Джей Би СтилКогда я вернусь
Забывайте обиды, но никогда не забывайте доброту.
Я всегда был болезненным ребенком. Начать с того, что я родился недоношенным: мой вес был около килограмма, и на протяжении трех месяцев, которые я провел в отделении интенсивной терапии, врачи каждый день звонили нам домой с такими словами: «Приезжайте и привезите одежду, в которой будете его хоронить». Но я выжил.
В детстве у меня случались эпилептические припадки, были проблемы с костями и суставами. В школе надо мной издевались. Я мог бы обойтись без перечисления всего этого, однако хочу, чтобы вы знали, что именно в итоге сформировало меня.
Раньше мы с мамой часто приезжали в больницу «Пресвятое Сердце», расположенную в городе Пенсакола, штат Флорида, для сдачи кое-каких анализов или прохождения процедур. И каждый раз она обязательно заходила в столь памятное нам отделение реанимации. На стенах отделения висели фотографии выживших младенцев, и моя была первой в этом ряду. Я всегда искал глазами эту фотографию.
Потом я вырос и в больницу больше не ездил. Женился на женщине, которую очень любил. Через неделю после нашей свадьбы ей предстояла серьезная операция. Процедура немного затянулась. Я довольно долго сидел в часовне «Пресвятого Сердца», а затем, повинуясь внезапному порыву, отправился на поиски отделения интенсивной терапии. Однако за пятнадцать лет, которые прошли с момента моего последнего посещения, отделение переехало, и к тому времени, как я нашел его, все уже было закрыто.
На следующий день я снова решил попытать счастья. На сестринском посту меня встретила пожилая женщина с прекрасной улыбкой.

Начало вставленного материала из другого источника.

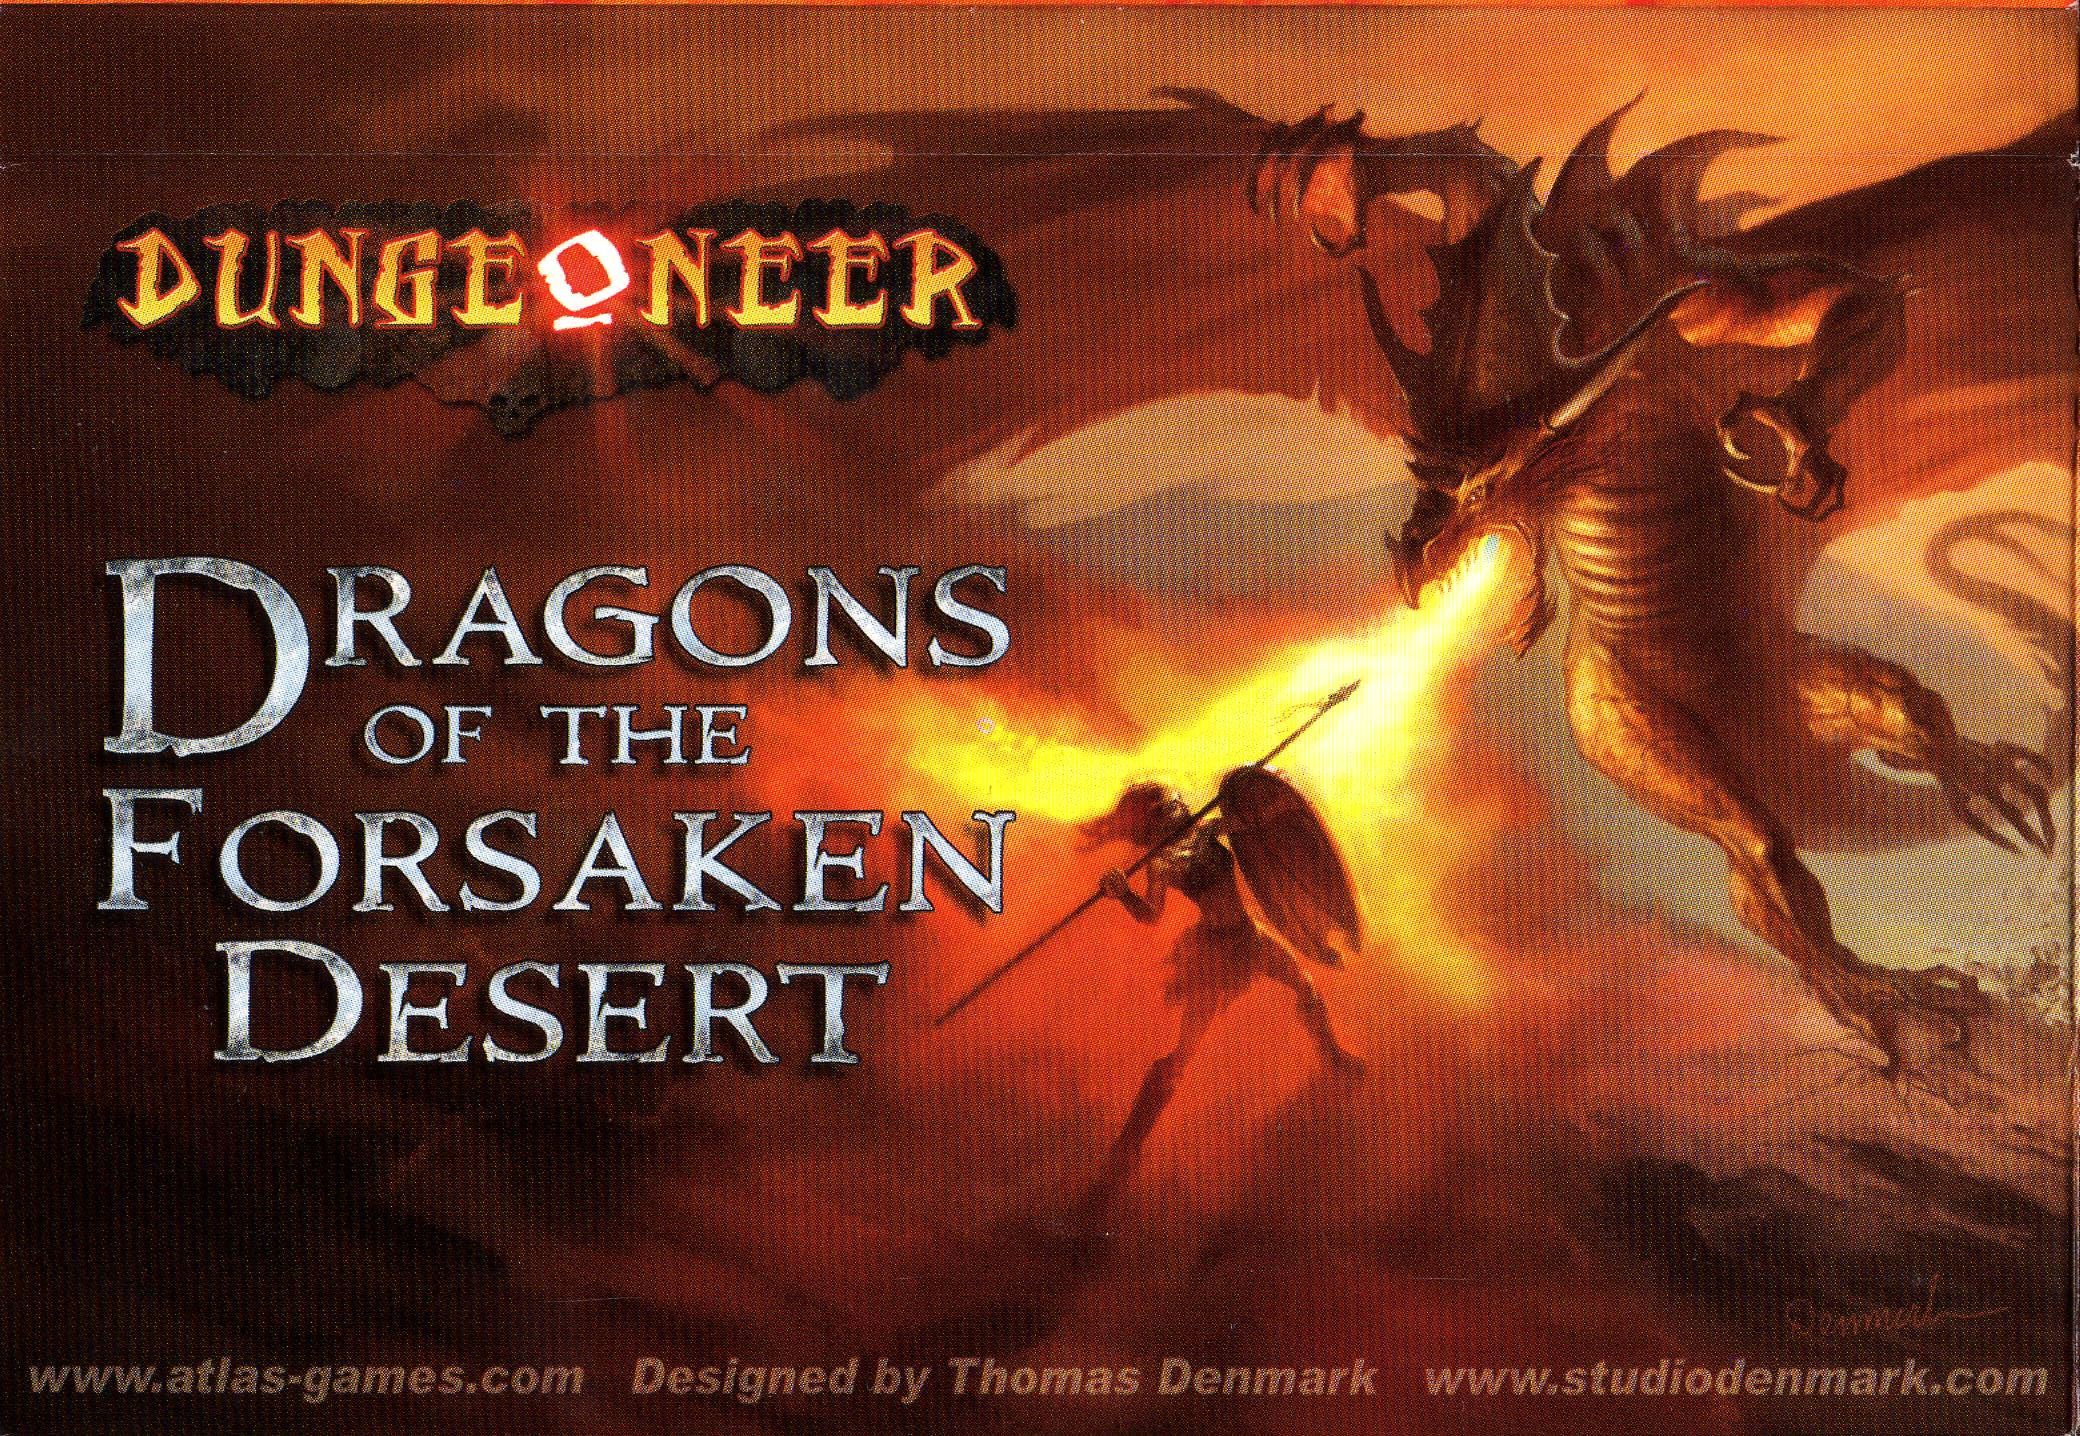 Dungeoneer: Dragons of the Forsaken Desert

– Вы ищете конкретного человека, не так ли? – спросила она.
И я ответил:
– Да.
– Кого же вы ищете?
В этот момент на меня снизошло внезапное озарение. Взглянув на нее, я произнес:
– Клара?
Она подскочила и широко раскинула руки для объятий:
– Да! Это я! Твоя мама говорила, что ты можешь зайти. Ох, ты так вырос по сравнению с тем, каким был раньше. Мы волновались и молились за тебя всю жизнь!
Я крепко обнял ее, удивляясь слезам, которые сами собой навернулись на глаза. Однако жизнь приготовила мне еще один сюрприз: все, кто когда-то выхаживал меня в этом отделении, сегодня тоже были здесь. Иначе как чудом такое не назовешь! Позже оказалось, что некоторые дорабатывали последние дни перед выходом на пенсию, другие вышли в чужую смену, а кто-то просто заглянул случайно… Я не знал, что и сказать. Это было удивительное совпадение.